If our grand goal is to eliminate artificial “sequentialism”, ideally it would be our aim to let data dependencies “locate parallelism” [3]. This is, perhaps, an odd way of saying that we want parallel execution to be the norm, except where data dependencies require a logical order to the computation. Clearly, this is idealistically put, as it assumes that any number of instructions can be executed in parallel – in reality, we are limited to a finite number of processing elements (it also implies unbounded buffering capacities, which is unrealistic) [3].

## Entrance of the dataflow approach

Well, the spirit of this approach can be (partially) captured by following our guide [1] in an effort to distribute the program across multiple processors (or nodes), and employing a Message Passing Interface (MPI) library, which “adds functionality to an otherwise normal C or Fortran program for exchanging data with other processors”. We can make use of this approach to parallelize the computation of different regions of the board.

Figure 3: Processor p receives a line of data from p − 1 and p + 1. Source: [1]

As alluded to by Figure 3, we may split the board into a number of concurrent independent processes. Each can start chugging away, computing its line before any other line has been finished processing. To complete the work on each iteration, however, it does require that each process has received the current states of the adjacent lines on the board (this represents the data dependency).

The aforementioned approach is termed dataflow in [1]. Indeed, although it is also defined there, general use of the term doesn’t identify a very precise thing. The term can be a reference to the pure computational model, to hardware architectures, to one of a number of different dataflow language implementations, or, as in the preceding example, to a kind of technique that abstracts away from the underlying language implementation. In what follows, and possibly in a way that gives hand-waving a good name, I will try to pick out a few of the core properties, which (I would guess) are shared by most designs that lay claim to the dataflow label. The MPI example from above may represent somewhat of a special case, which does not live up to the billing entirely (although I lack the ambition to state precisely in what ways).

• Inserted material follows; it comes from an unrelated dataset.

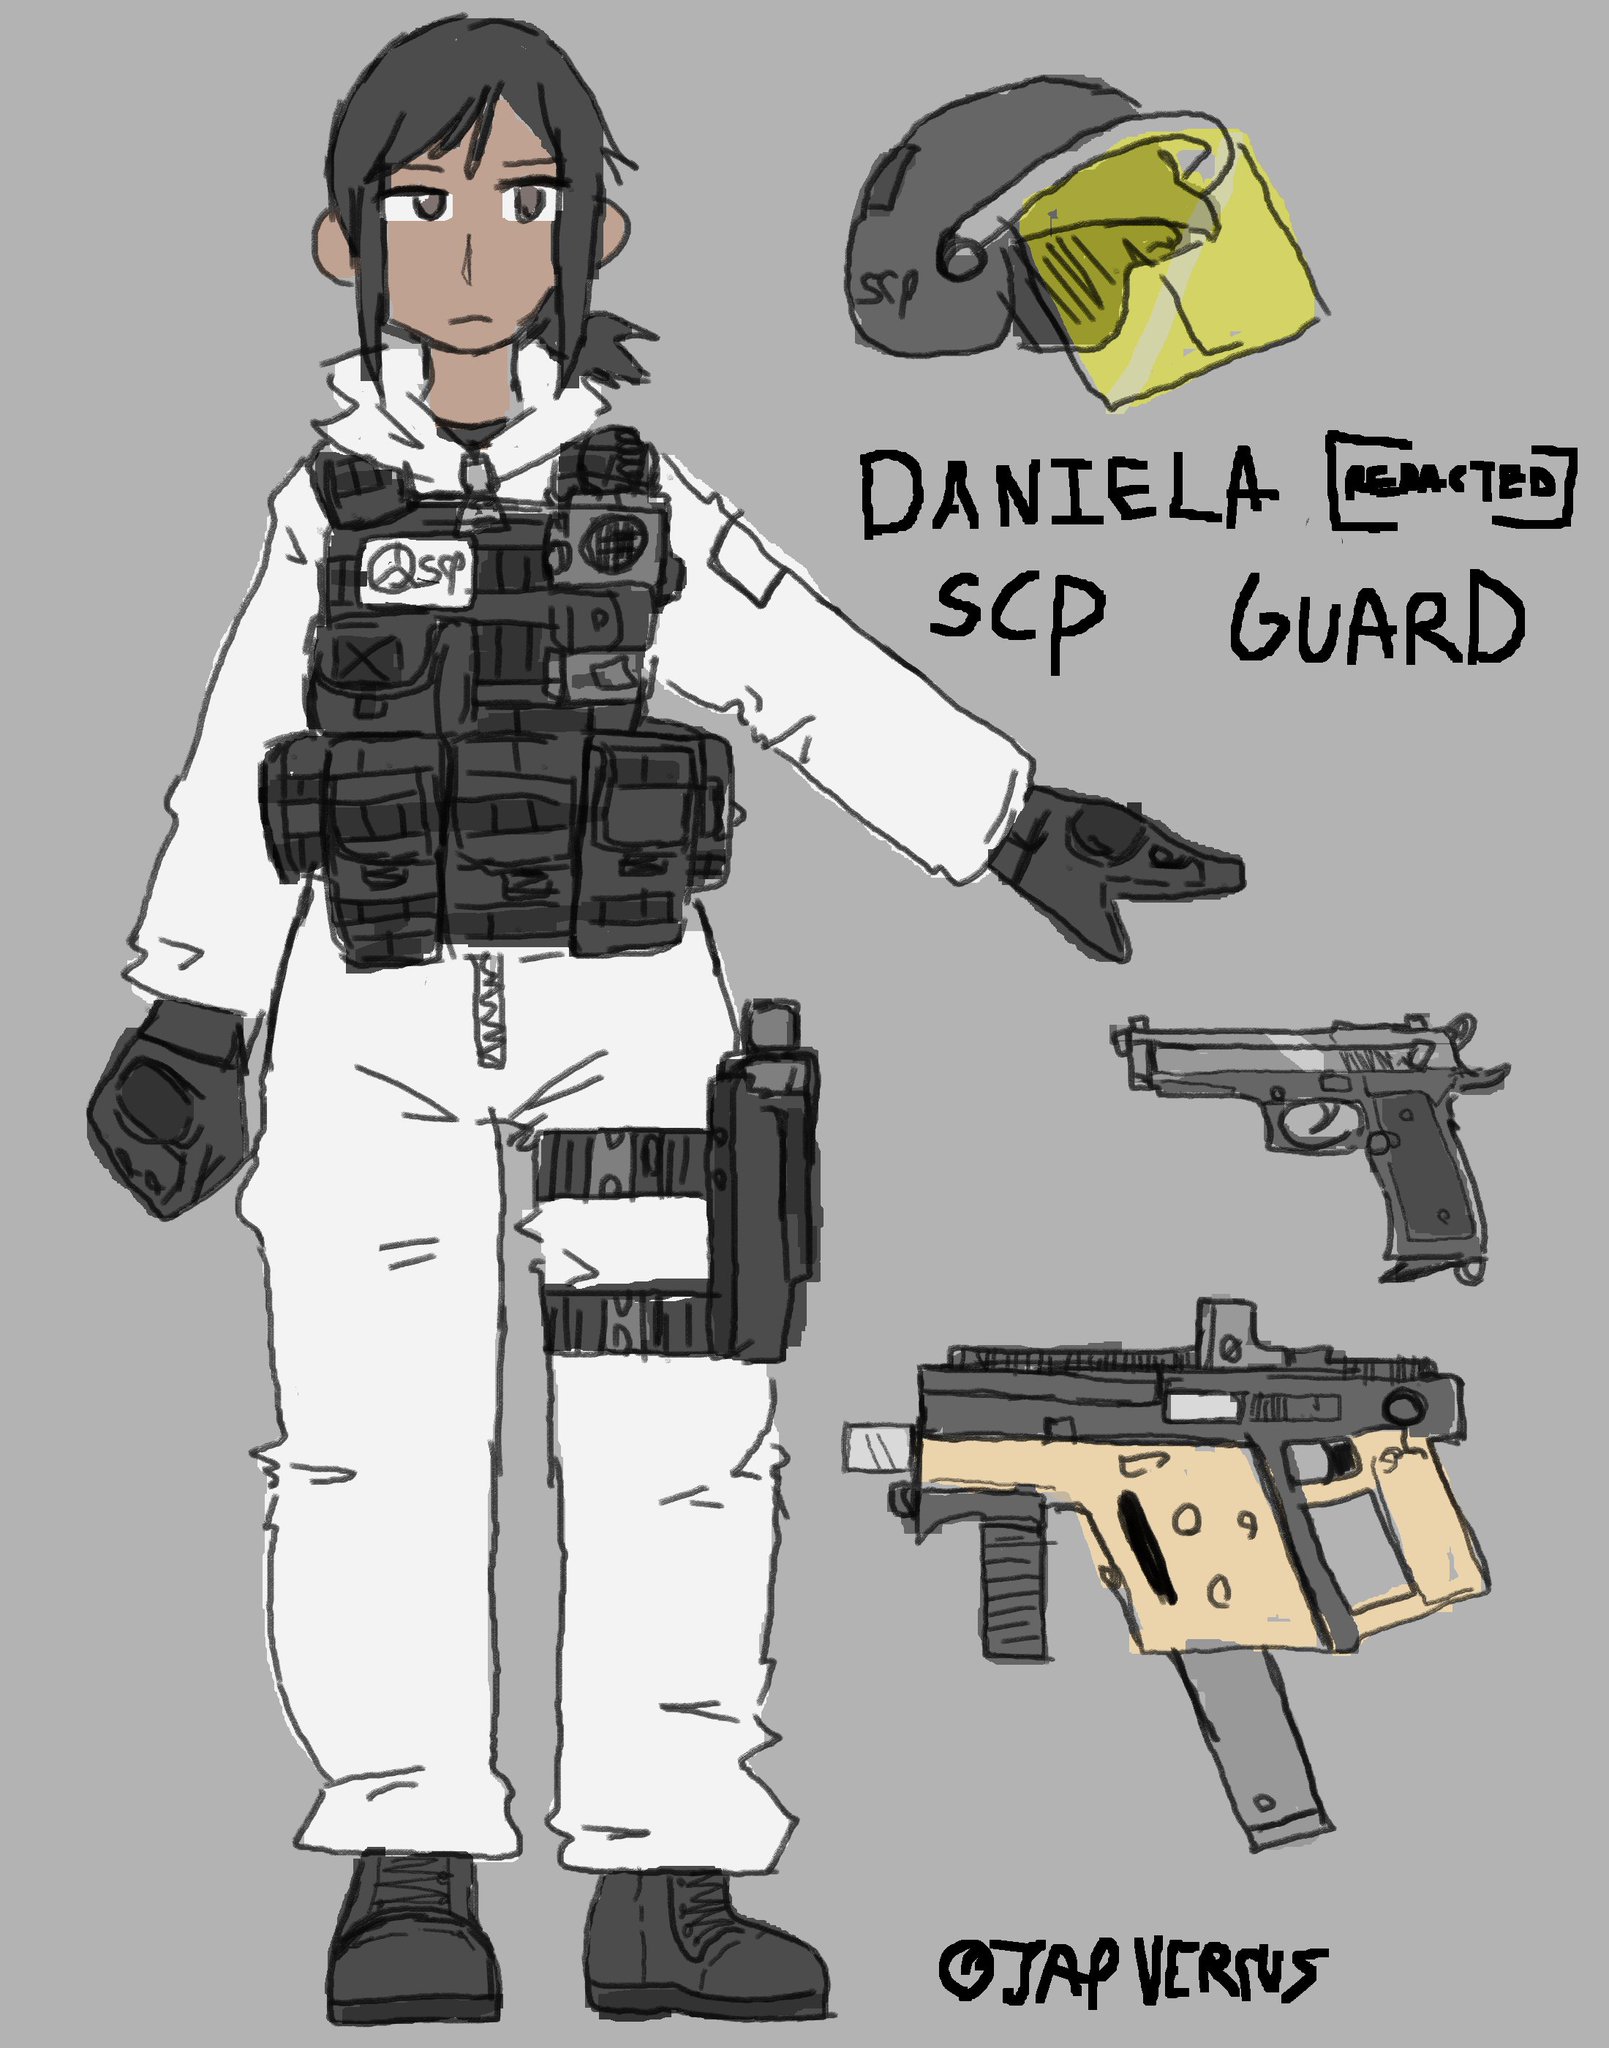 Scp Guard Outfit - scp guard uniform roblox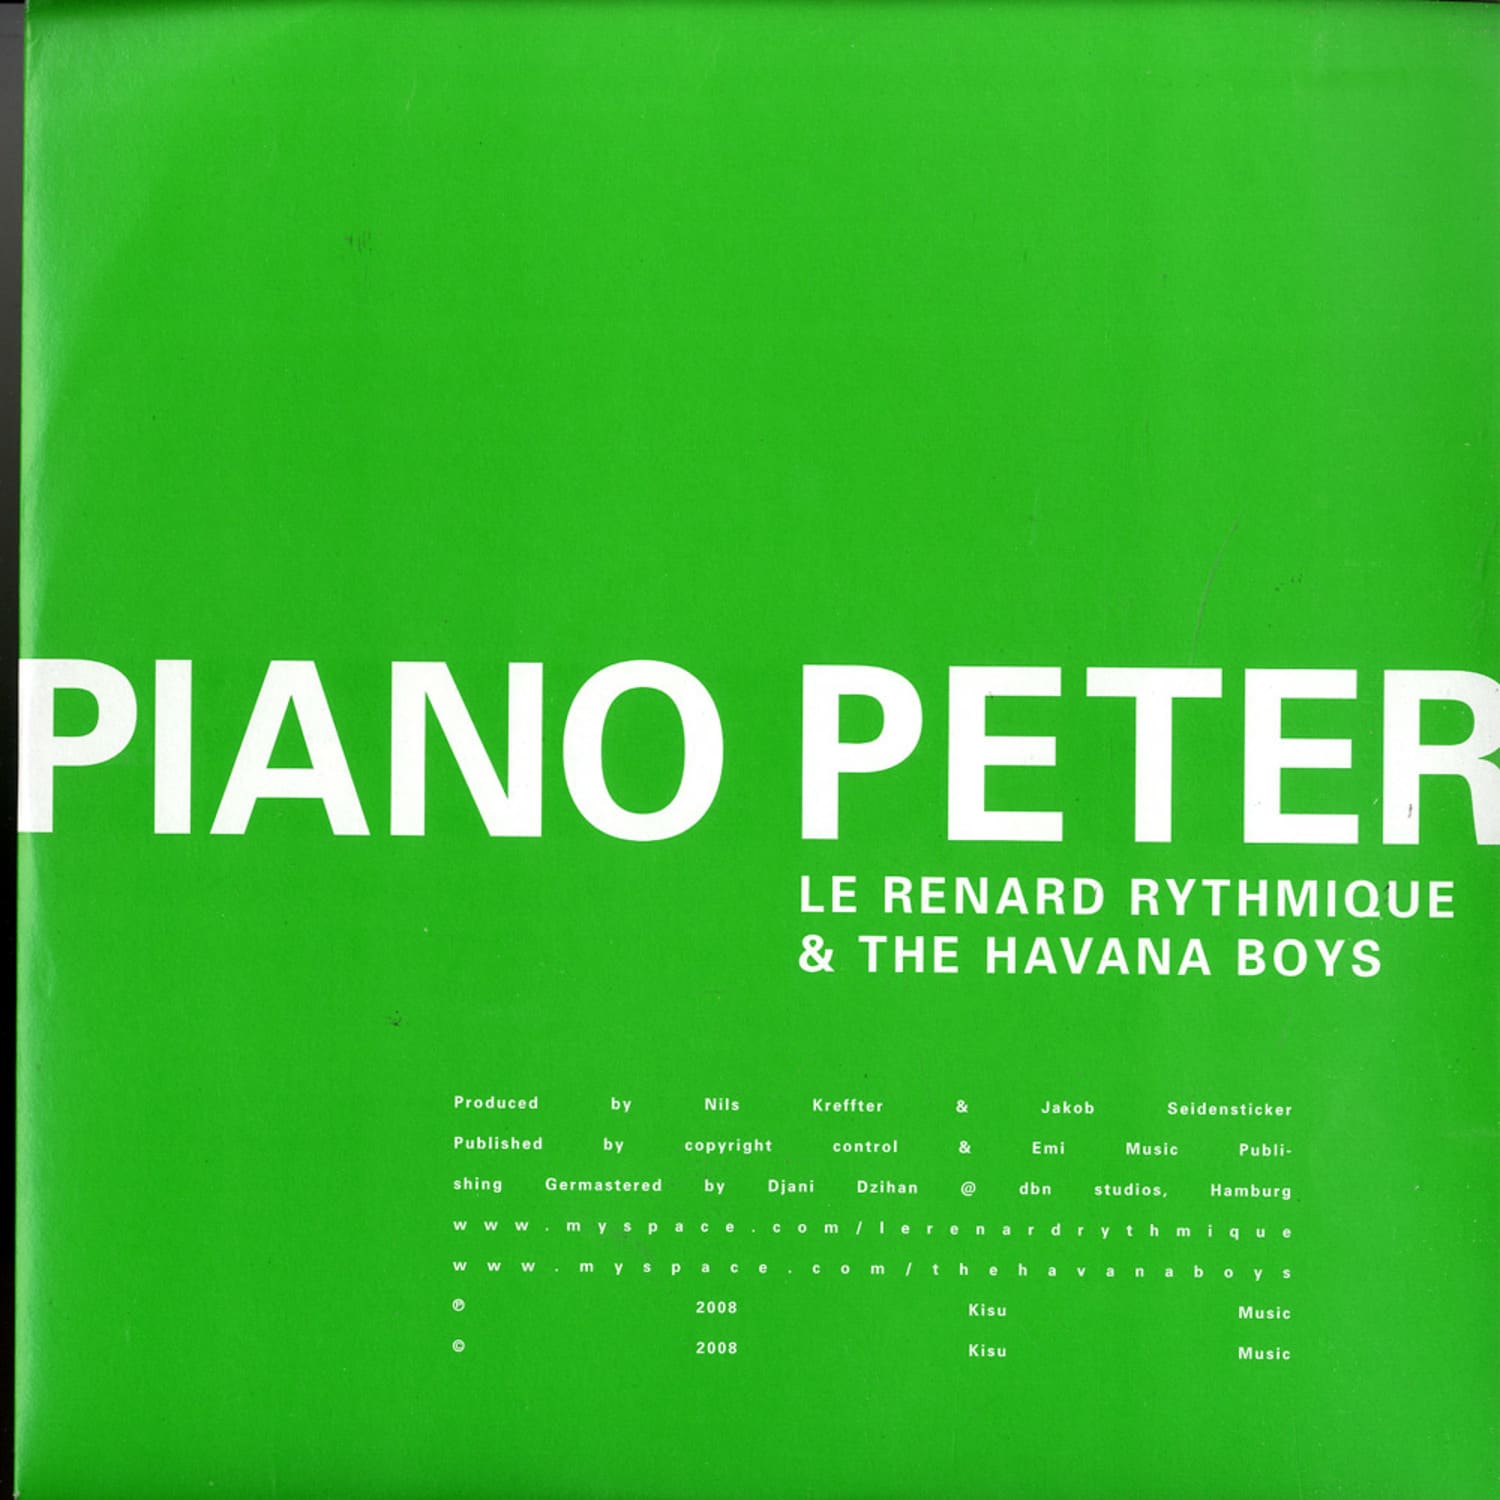 Le Renard Rythmique & The Havana Boys - PIANO PETER

First is the “implicit achievement of concurrency [4].” That is, dataflow reduces the need for the programmer to explicitly “handle concurrency issues such as semaphores or manually spawning and managing threads [4].” This is made possible by the fact that dataflow consists of a number of independently acting “processing blocks”, which are each driven by the presence of input data (as opposed to an instruction, which, while input data may be available, must wait its turn in the program until the program counter reaches it). As a result, we are liberated from the sequential ordering imposed by a classical language’s execution model.

Take Figure 4 as an example. On the left we have a simple imperative program, on the right its dataflow equivalent. Whereas the assignment operation for B must wait in the imperative program until the first operation has completed, the first two operations may proceed concurrently in the dataflow program. We might call this kind of parallelism “task” parallelism, which would be the analogue of the MPI example discussed above. Note also, that while the operation for C is in progress, a second wave of computations may already be executing for the first two operations. This is known as pipeline parallelism and comes about naturally in the dataflow execution model. The equivalent of data parallelism, which was mentioned above, would be multiple instances of the same graph (or subgraph), with the input data streams partitioned such that each data item is fed into one or another of the running instances.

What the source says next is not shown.